7 juin 2013

[Abbé Jean Devaulx de Chambord] "Nous ne devons pas nous choquer de trouver des défauts ou des erreurs..."

SOURCE - Abbé Jean Devaulx de Chambord - 7 juin 2013

Ave + Maria
Saint-Domingue, en la fête du Sacré-Coeur,
Le vendredi 7 juin 2013

Bien chers amis et fidèles,

Il me faut vous annoncer une triste nouvelle. Ayant dû affronter de sérieuses difficultés comme prêtre dans l’apostolat de ma Congrégation, la Fraternité Saint-Pie X, j’ai malheureusement dû la quitter. Il s’agissait en effet de problèmes mettant en danger le salut éternel des âmes qui nous sont confiées. Et nous sommes prêtres pour sauver les âmes.

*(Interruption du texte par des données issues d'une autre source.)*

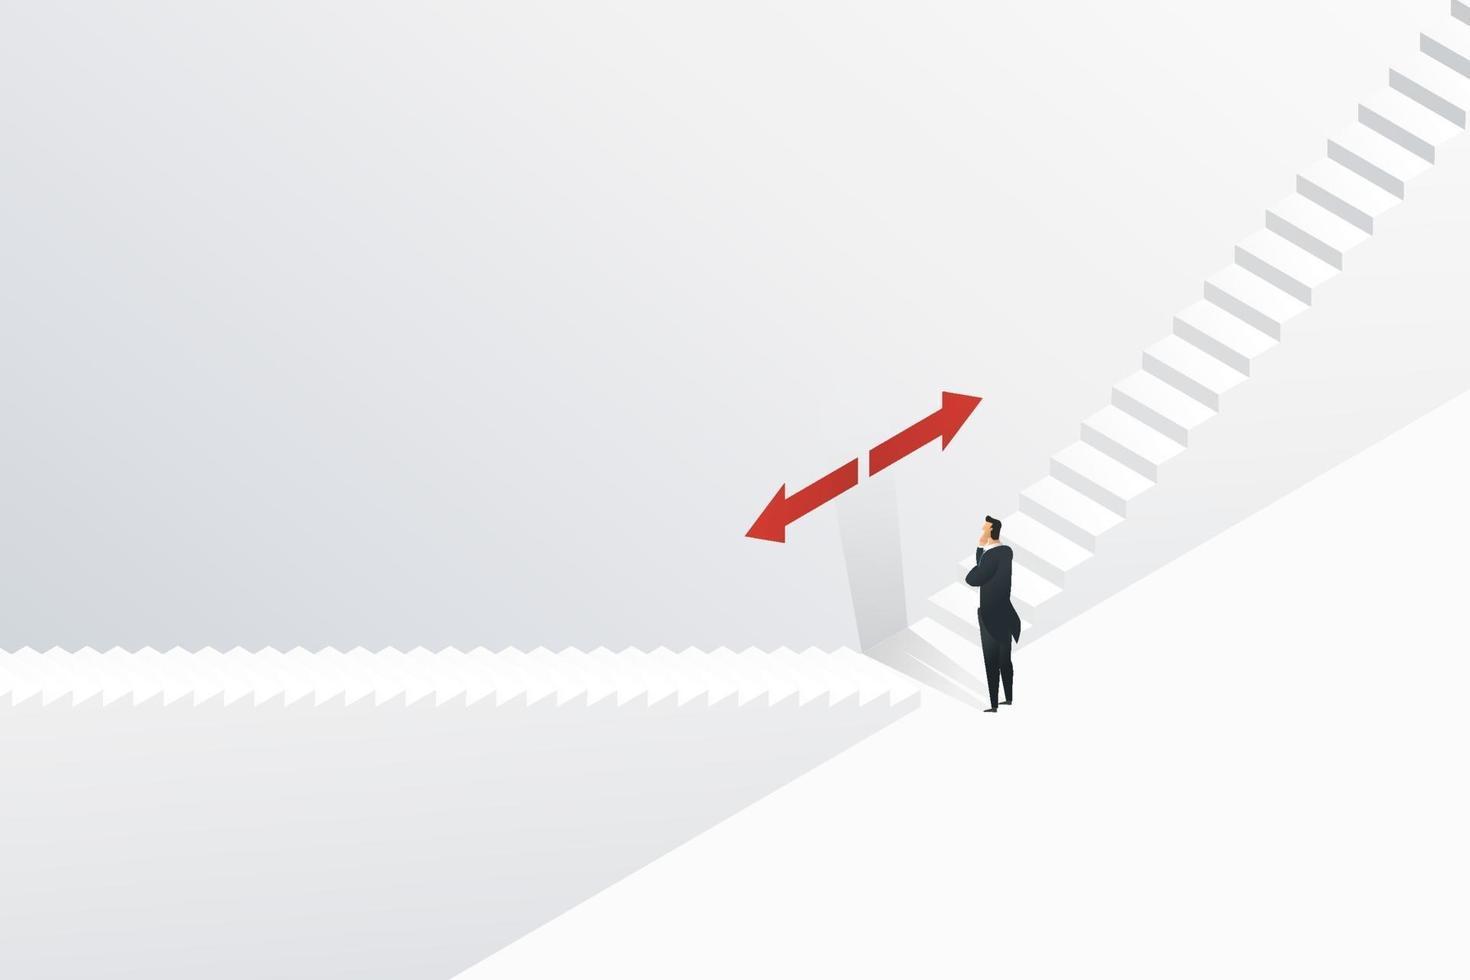 empresário confunde para escolher em qual direção subir as escadas. vetor

Cela est douloureux, car j’ai par ailleurs une gratitude immense envers la Fraternité Saint-Pie X, de qui j’ai reçu ma formation de jeune homme puis de séminariste. Je connais beaucoup de ses prêtres, pour qui j’ai une grande admiration. Aussi je souhaiterais affirmer ici bien clairement que je ne veux pas attaquer cette Fraternité. Elle réalise un travail formidable, dont j’ai bénéficié comme tant d’autres, un peu partout dans le monde. Sa fidélité envers la doctrine catholique est certaine. Son attachement à l’Eglise et au Saint Père le Pape est réel. Elle produit d’abondantes vocations et s’applique à affronter ce monde en crise par la formation d’une élite catholique. Et comme le dit Notre-Seigneur Jésus-Christ, on juge l’arbre à ses fruits Lc 6,44.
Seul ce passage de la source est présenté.